Your response should be an exact transcription of the data, images excluded.

#### Input data
----------

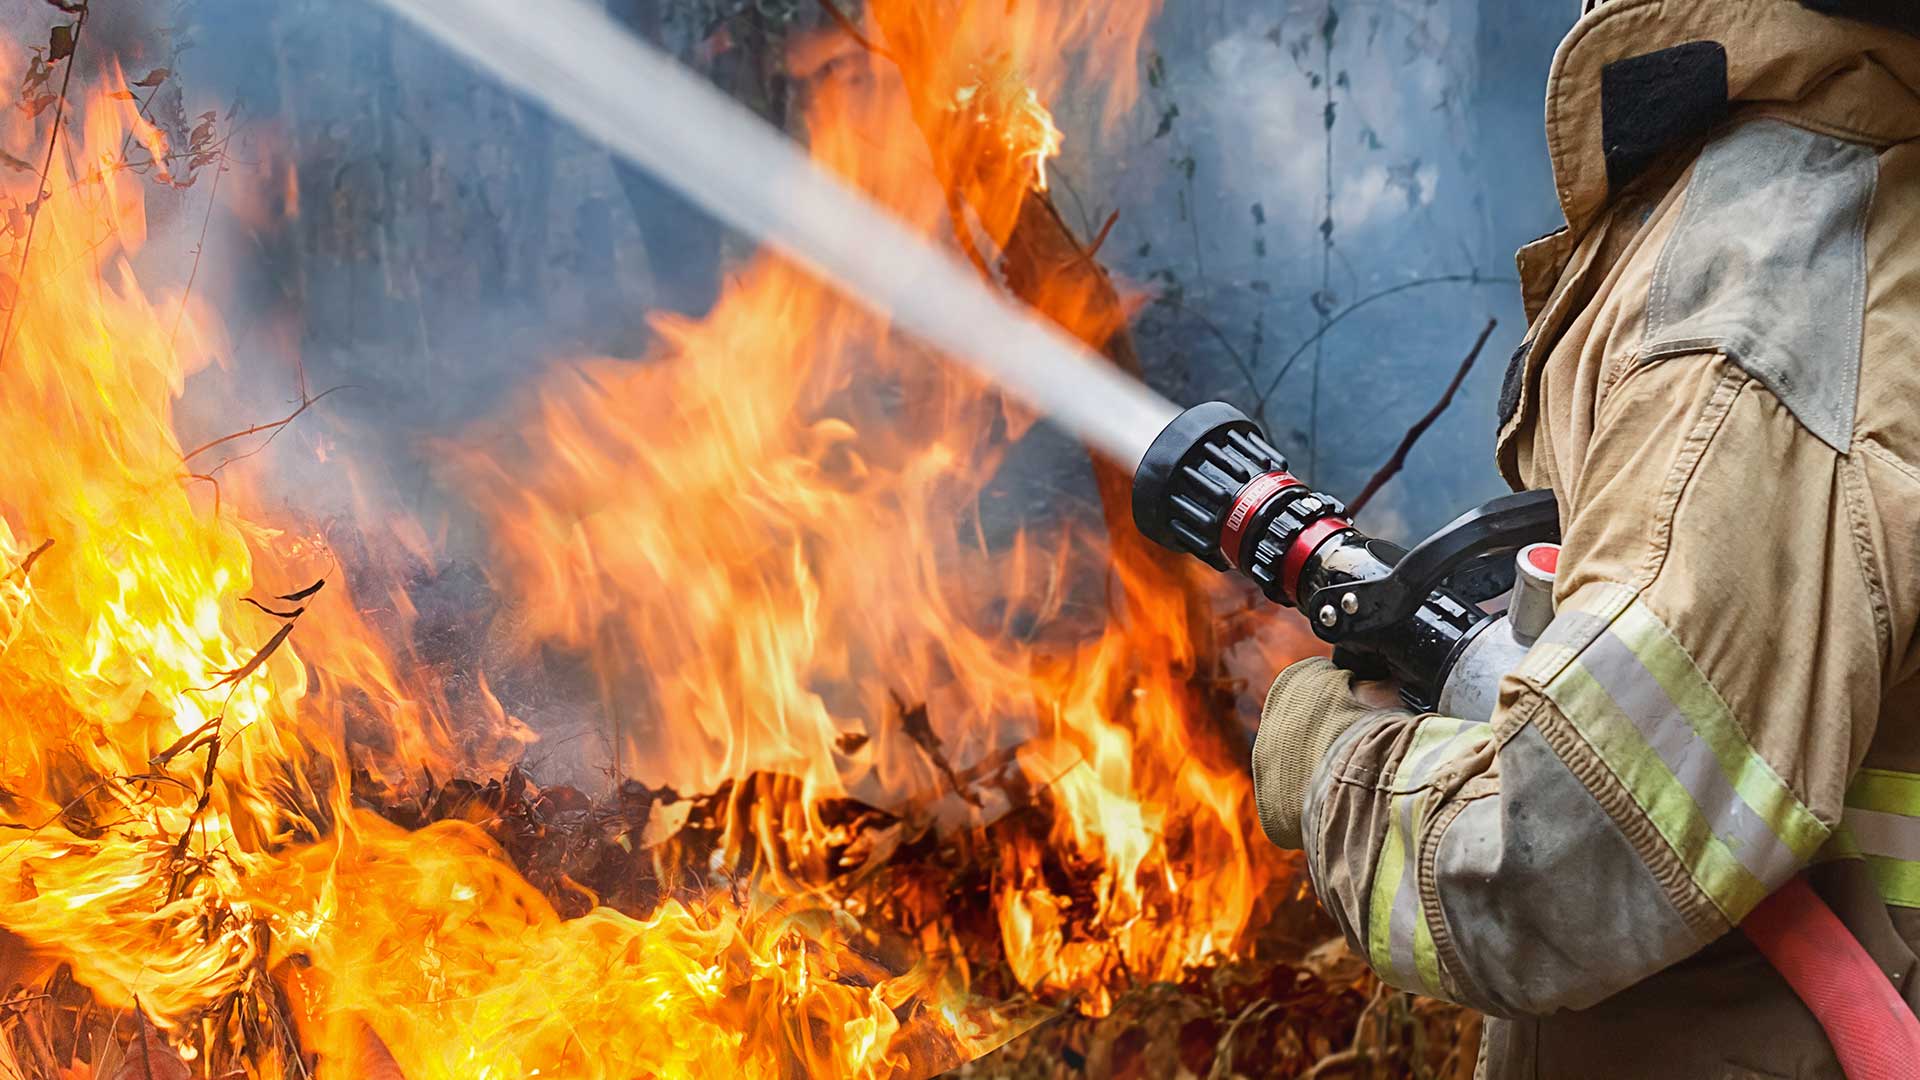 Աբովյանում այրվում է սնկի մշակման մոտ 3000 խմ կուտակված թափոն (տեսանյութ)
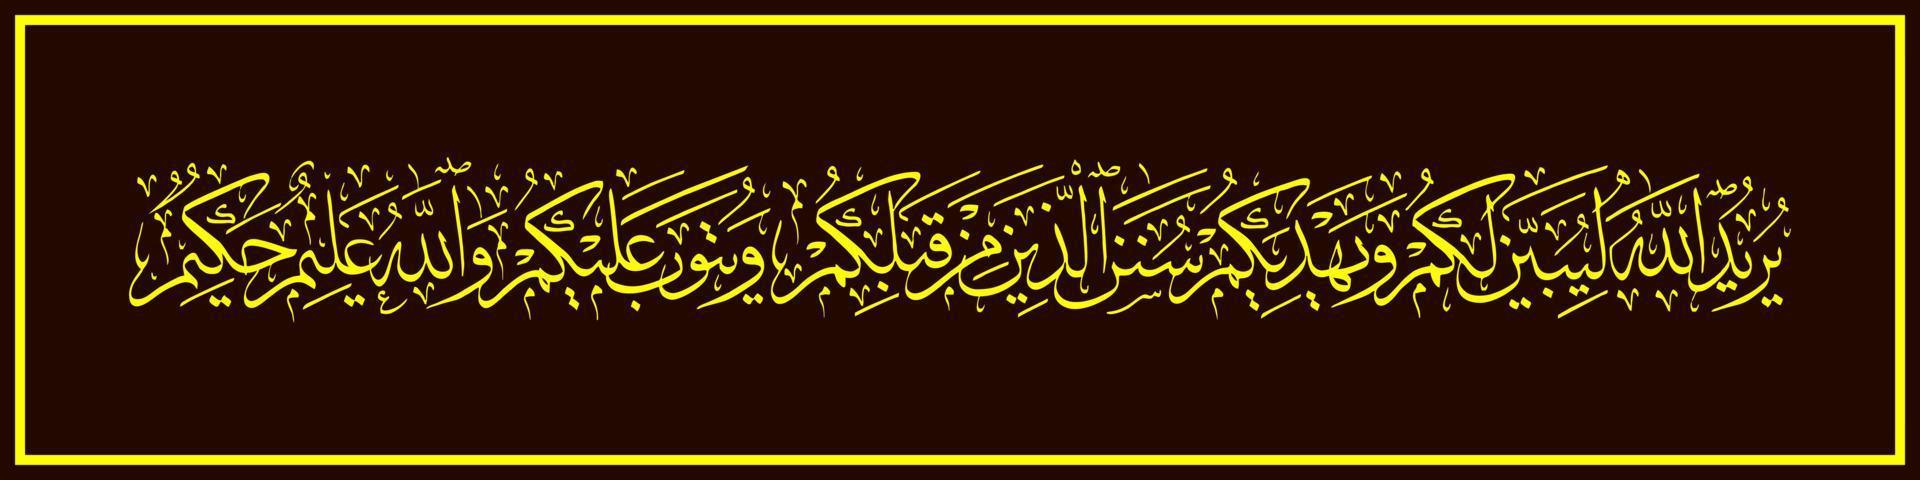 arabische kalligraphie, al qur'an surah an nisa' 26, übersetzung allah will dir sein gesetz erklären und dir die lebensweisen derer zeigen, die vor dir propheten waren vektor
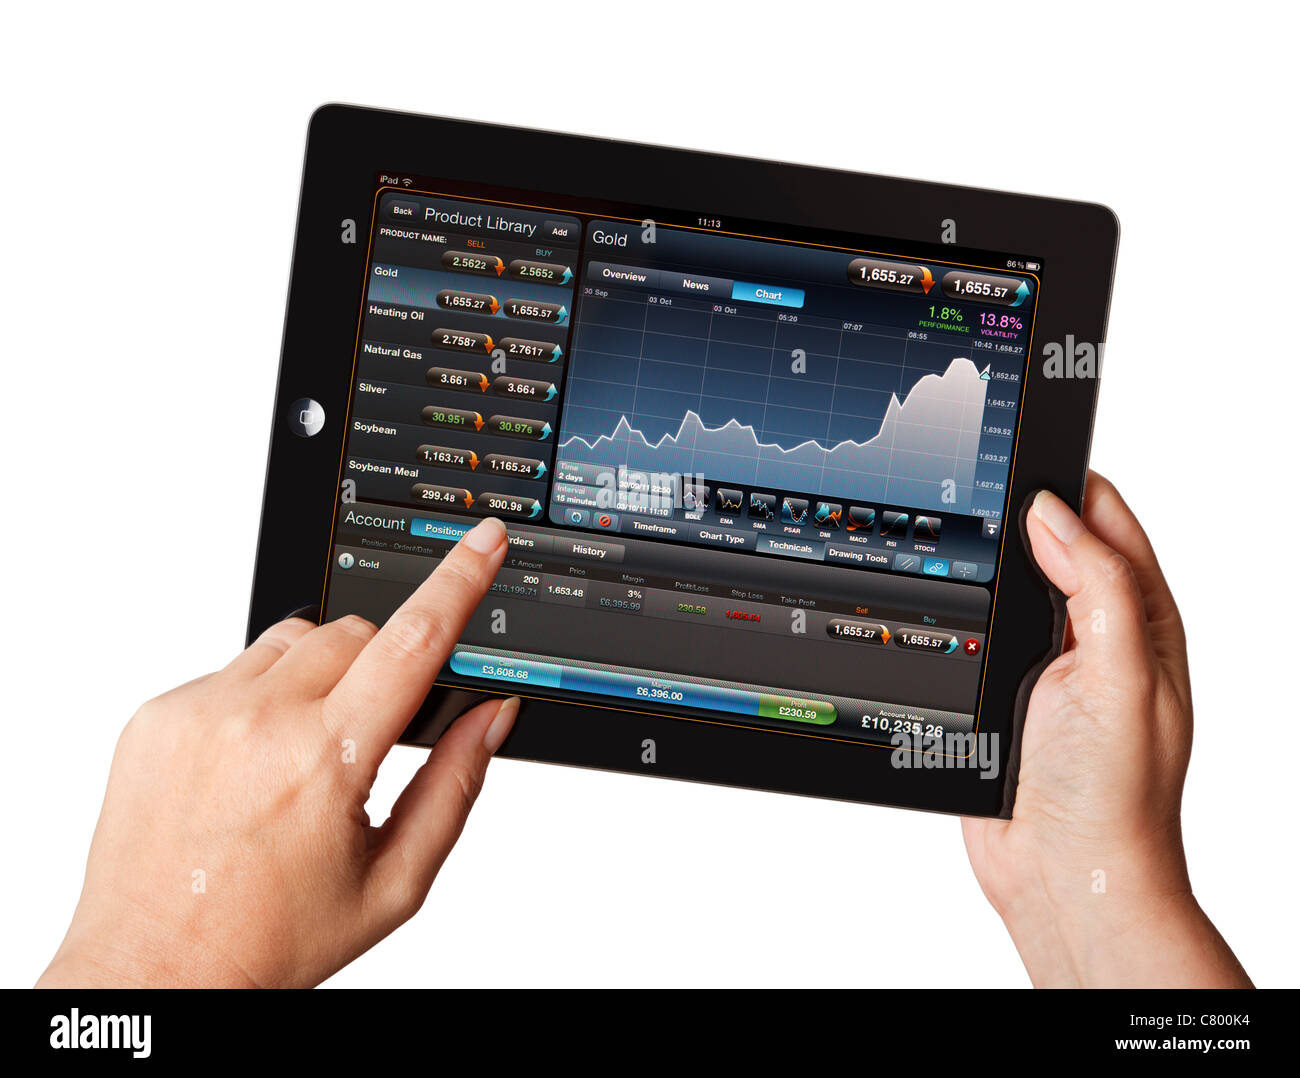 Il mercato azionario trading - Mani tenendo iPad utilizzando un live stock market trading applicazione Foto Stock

----------

#### Output for this exercise
 Աբովյանում այրվում է սնկի մշակման մոտ 3000 խմ կուտակված թափոն (տեսանյութ)
 arabische kalligraphie, al qur'an surah an nisa' 26, übersetzung allah will dir sein gesetz erklären und dir die lebensweisen derer zeigen, die vor dir propheten waren vektor
 Il mercato azionario trading - Mani tenendo iPad utilizzando un live stock market trading applicazione Foto Stock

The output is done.